I have a friend named Jon. I can't find him any more. He disappeared off the radar late last Autumn. Jon was a soldier in Iraq during the worst of the insurgency. He was blown up twice by I.E.D.s. The photos I saw of his leg were not very pretty.
In the area where Jon's squad patrolled, was a family who were friendly to the Americans. They would warn his unit if they knew of trouble ahead. When Christmas rolled around, his unit decided to give that family some presents even though this family was Muslim. They didn't have much to give, per say, so it was little things like hairbrushes & such for the children.
His unit went to that family on Christmas, but no one answered the door of the house. Eventually, some soldiers broke in to see what was the matter. The entire family was dead. Shot in their heads by insurgents...including the youngest, a three year old girl. Jon told me that he sees that image in his mind all the time.
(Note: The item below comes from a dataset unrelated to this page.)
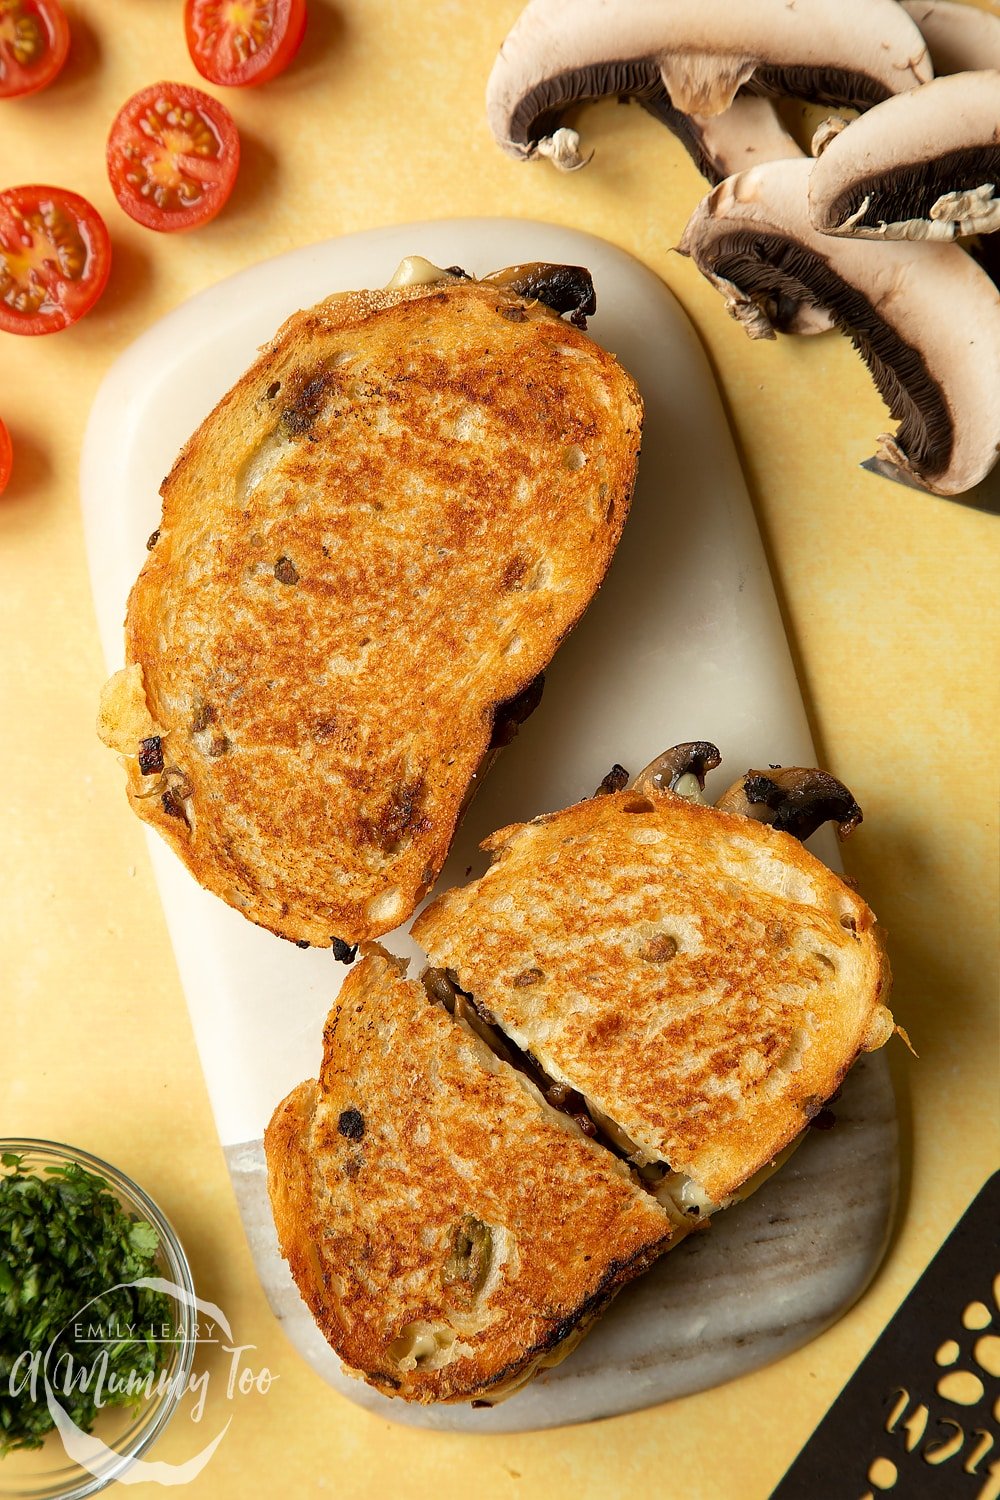 Two Jarlsberg cheese and mushroom toasties are on a serving board, one is cut in half.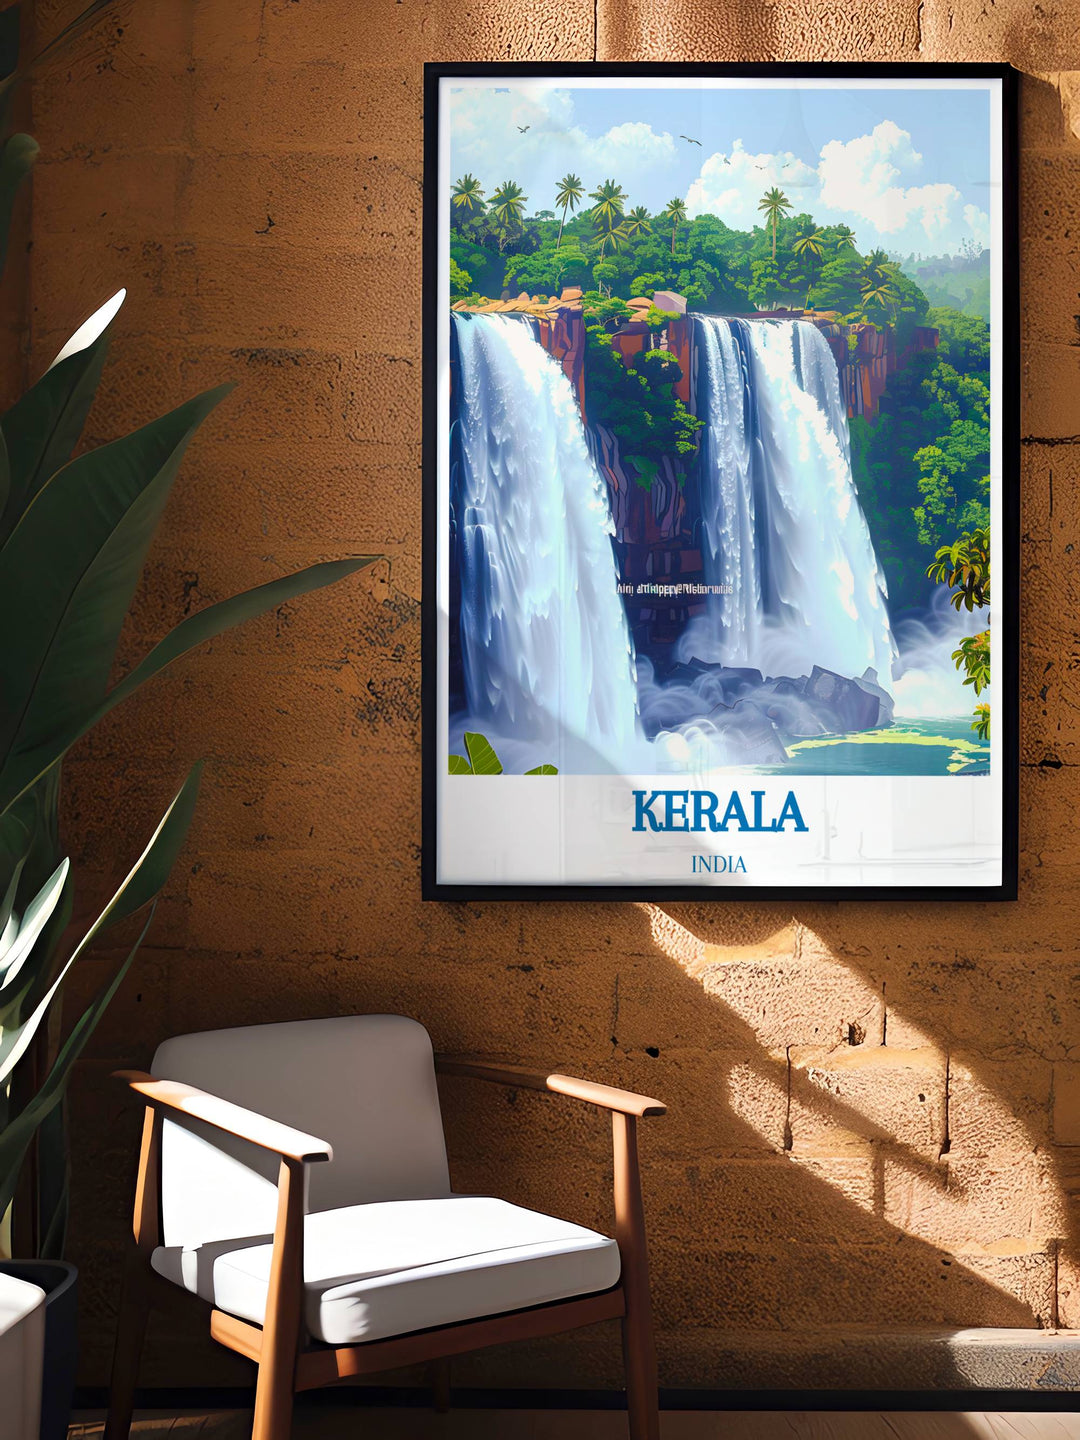 Detailed canvas art of Athirappilly Waterfalls, offering a glimpse into the breathtaking scenery of Keralas most famous waterfall.

The last time we spoke, Jon told me that he lives in a cave. He goes home to his apartment after doing nothing all day, and just sits. He refuses medical help from the V.A. and others. He just sits in his cave.
The last I heard, Jon said he was going to Colorado. The last I heard...
Maybe we work for peace as a testimony to the truth of Jesus, the only one who can restore "Shalom" to a very ugly world. Maybe we work for peace because it costs a hell of a lot less than war, in both money & lives. Maybe we work for peace because we are tired of seeing broken bodies and minds in the lives of young men & women veterans. Maybe we work for peace because we want to be called "Sons & Daughters of God."
And maybe, just maybe, we work for peace because our king didn't give us another option, but told us that this is what we are to do if we really, truly and actually ARE his followers.
The motto of the Imago Dei Community is;
"Taking the whole gospel,
to the whole person,
to the whole world."
My own thought on that is that if the gospel is not ALL of the above, then it is NONE of the above.
I dunno. It's just a thought.
P.S. Jon, if you ever read this, I would really like to speak with you again.